Neurologic disease is prevalent in people with chronic pelvic pain who have neurologic symptoms and signs. Most of the neurologic diagnoses in this study were previously unidentified; thus, many patients had experienced neurodiagnostic delay. Screening for neurologic symptomatology is recommended in patients with chronic pelvic pain to facilitate diagnostic accuracy.

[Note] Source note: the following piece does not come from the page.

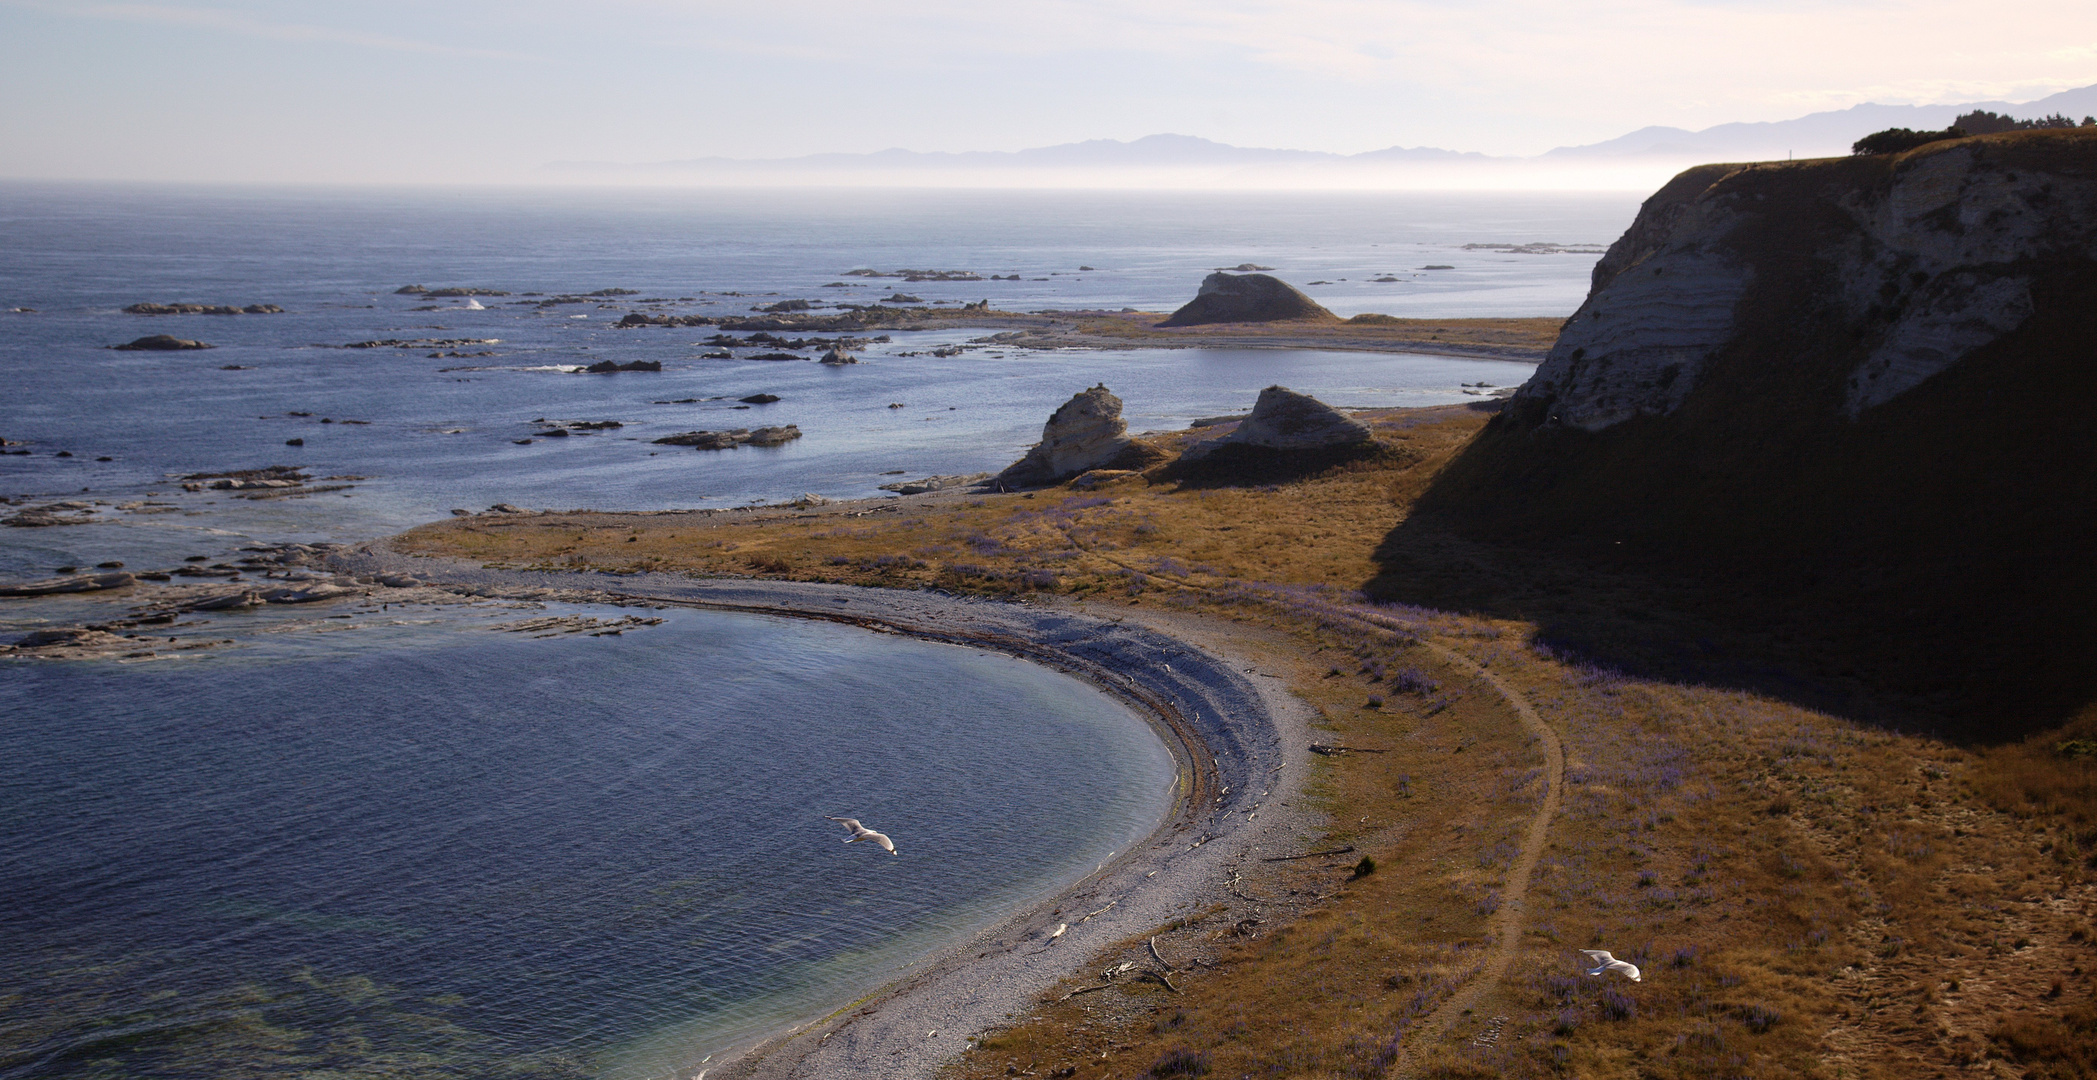 Whalers Bay (Kaikoura Peninsula Cliff Top Walk)

难治性慢性盆腔疼痛中未确诊的神经系统疾病:筛查阳性患者的高发生率
慢性盆腔疼痛的主要管理取决于识别和解决其潜在的病因。在慢性盆腔疼痛的背景下,神经系统疾病的患病率文献很少。在这项研究中,我们在泌尿外科/泌尿妇科/神经病学疼痛管理联合专科诊所积极筛选慢性盆腔疼痛患者,进行多学科盆腔症状学(包括神经病学)的筛查,如果存在,则促进对患者的多学科评估。方法:当筛查提示结构性或功能性神经系统障碍时,进行标准化、系统的神经病史和体格检查。随后的神经学测试根据临床结果进行调整。结果:188例神经系统症状和体征筛查阳性并开始联合评估的患者中,126例(67%)完成了推荐的神经系统评估和测试。在126名完成检查的患者中,92名(73%)被发现有神经系统疾病的客观证据,其中77名(84%)是新诊断。最常见的诊断包括小纤维神经病、大纤维神经病、腰骶神经根病和严重的椎管狭窄。结论:神经系统疾病在有神经系统症状和体征的慢性盆腔疼痛患者中普遍存在。本研究中的大多数神经学诊断以前未被确定;因此,许多患者经历了神经诊断延迟。建议对慢性盆腔疼痛患者进行神经症状筛查,以提高诊断准确性。